§ What you need to do
Pictures aside, the data must be reproduced exactly.

=== Data extract ===

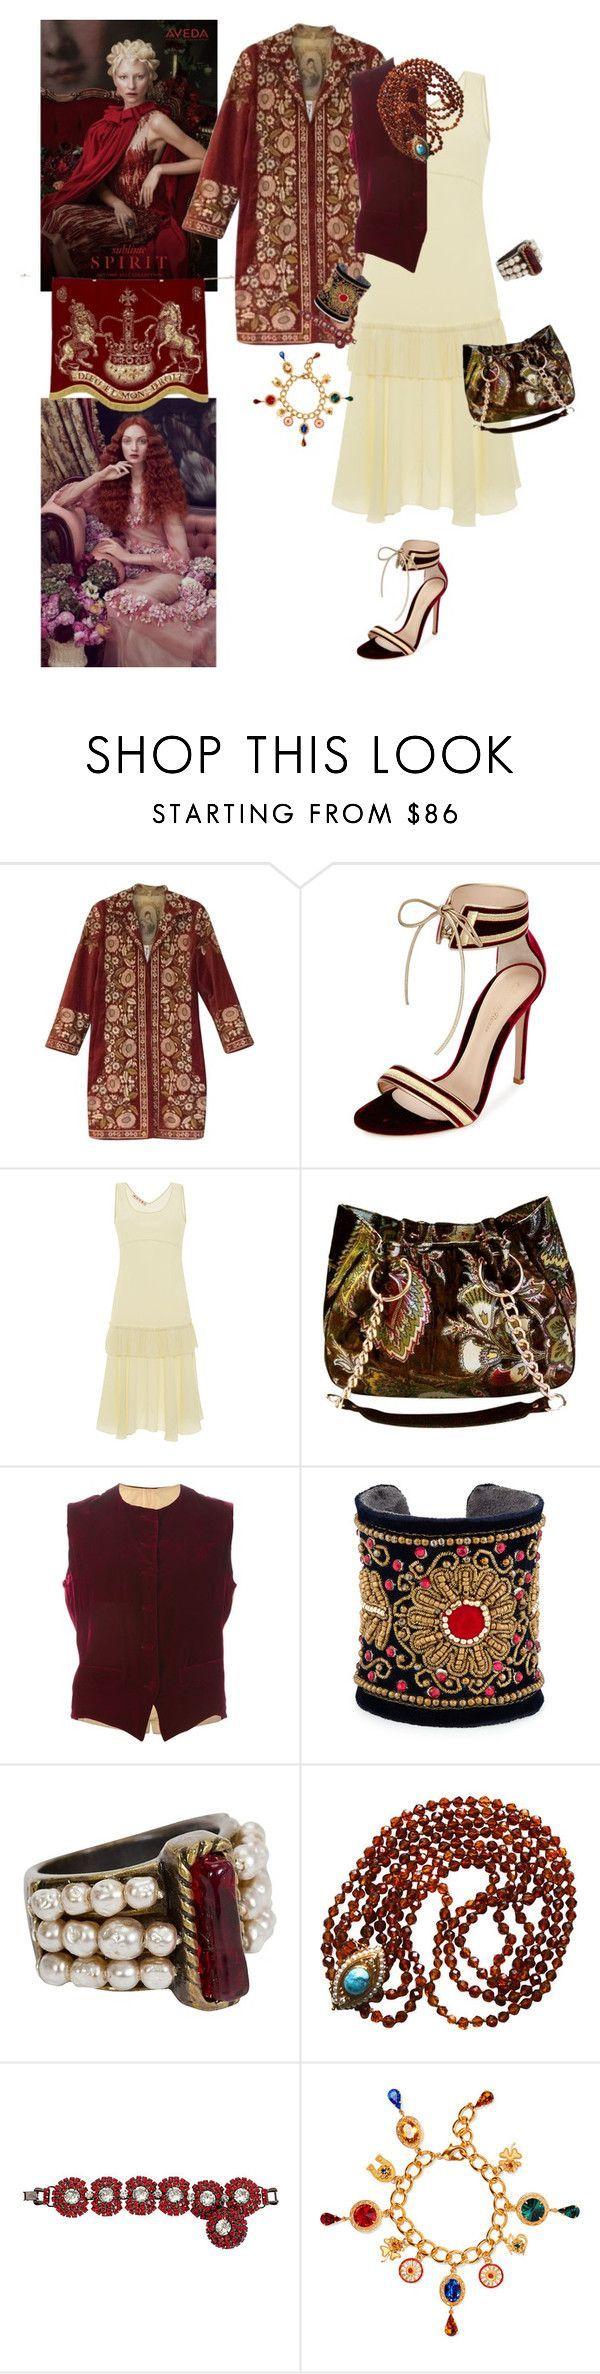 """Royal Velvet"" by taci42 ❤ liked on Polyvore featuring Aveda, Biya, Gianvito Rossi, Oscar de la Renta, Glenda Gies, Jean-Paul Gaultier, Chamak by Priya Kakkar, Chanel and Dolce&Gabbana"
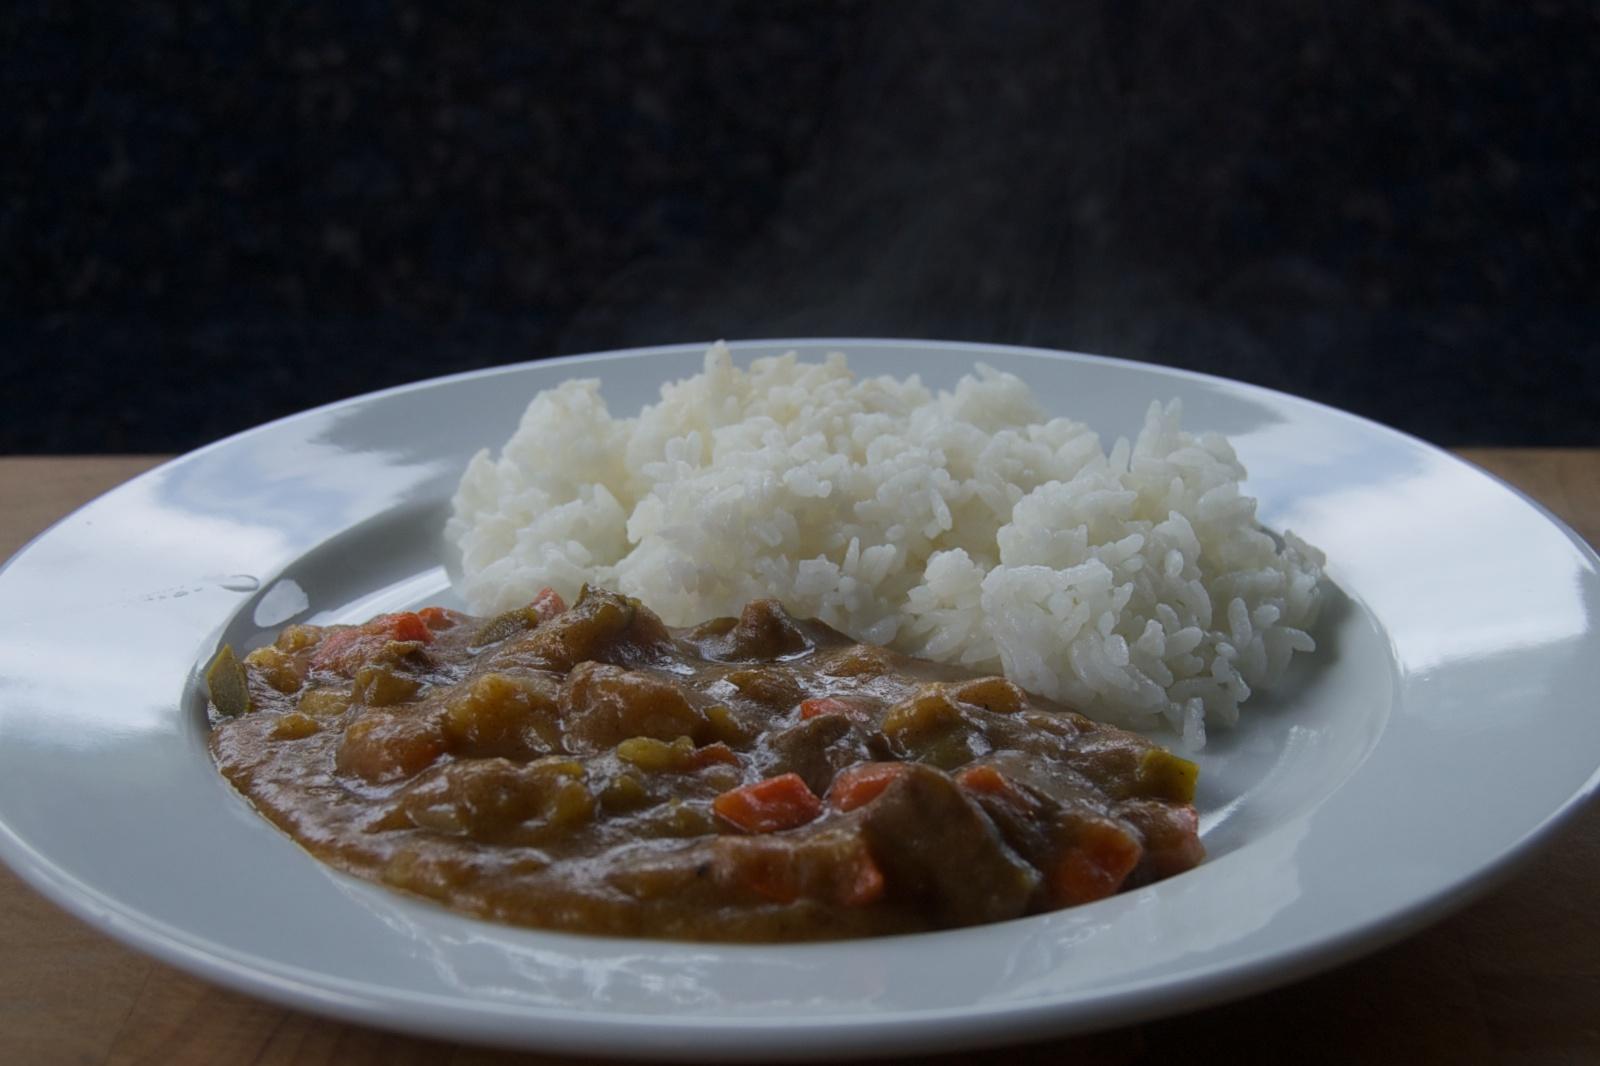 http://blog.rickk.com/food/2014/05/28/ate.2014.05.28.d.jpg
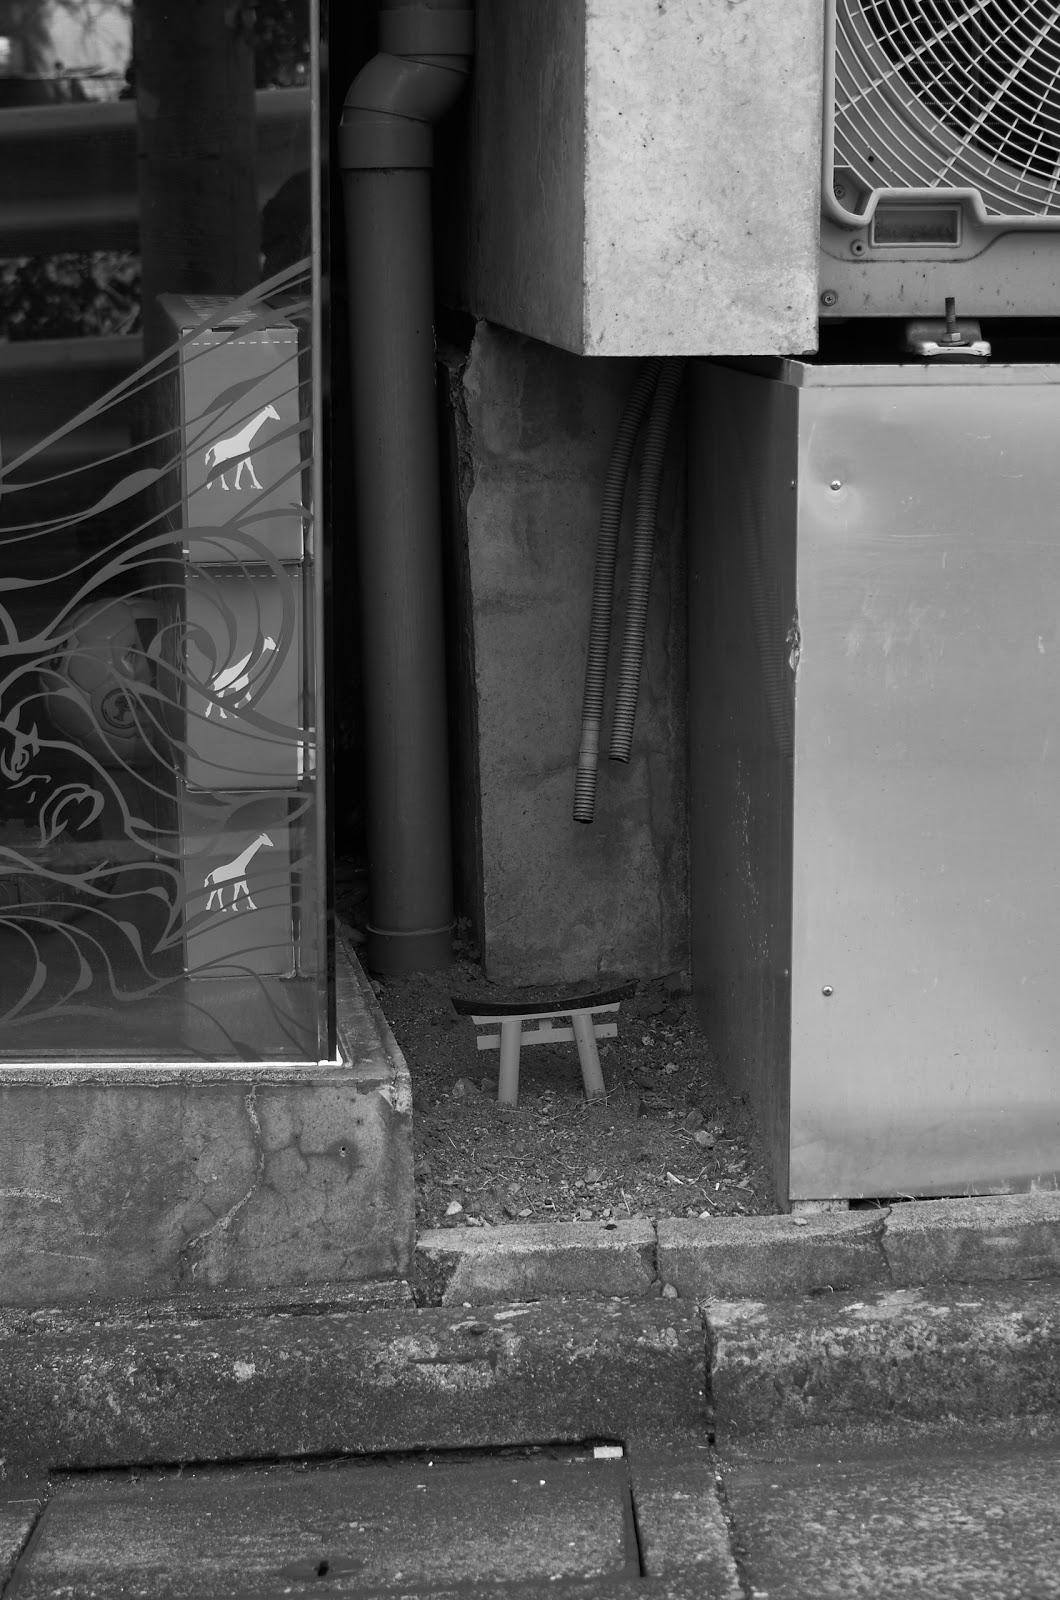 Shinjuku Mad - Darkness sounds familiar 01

===

§ Result of this task
 """Royal Velvet"" by taci42 ❤ liked on Polyvore featuring Aveda, Biya, Gianvito Rossi, Oscar de la Renta, Glenda Gies, Jean-Paul Gaultier, Chamak by Priya Kakkar, Chanel and Dolce&Gabbana"
 http://blog.rickk.com/food/2014/05/28/ate.2014.05.28.d.jpg
 Shinjuku Mad - Darkness sounds familiar 01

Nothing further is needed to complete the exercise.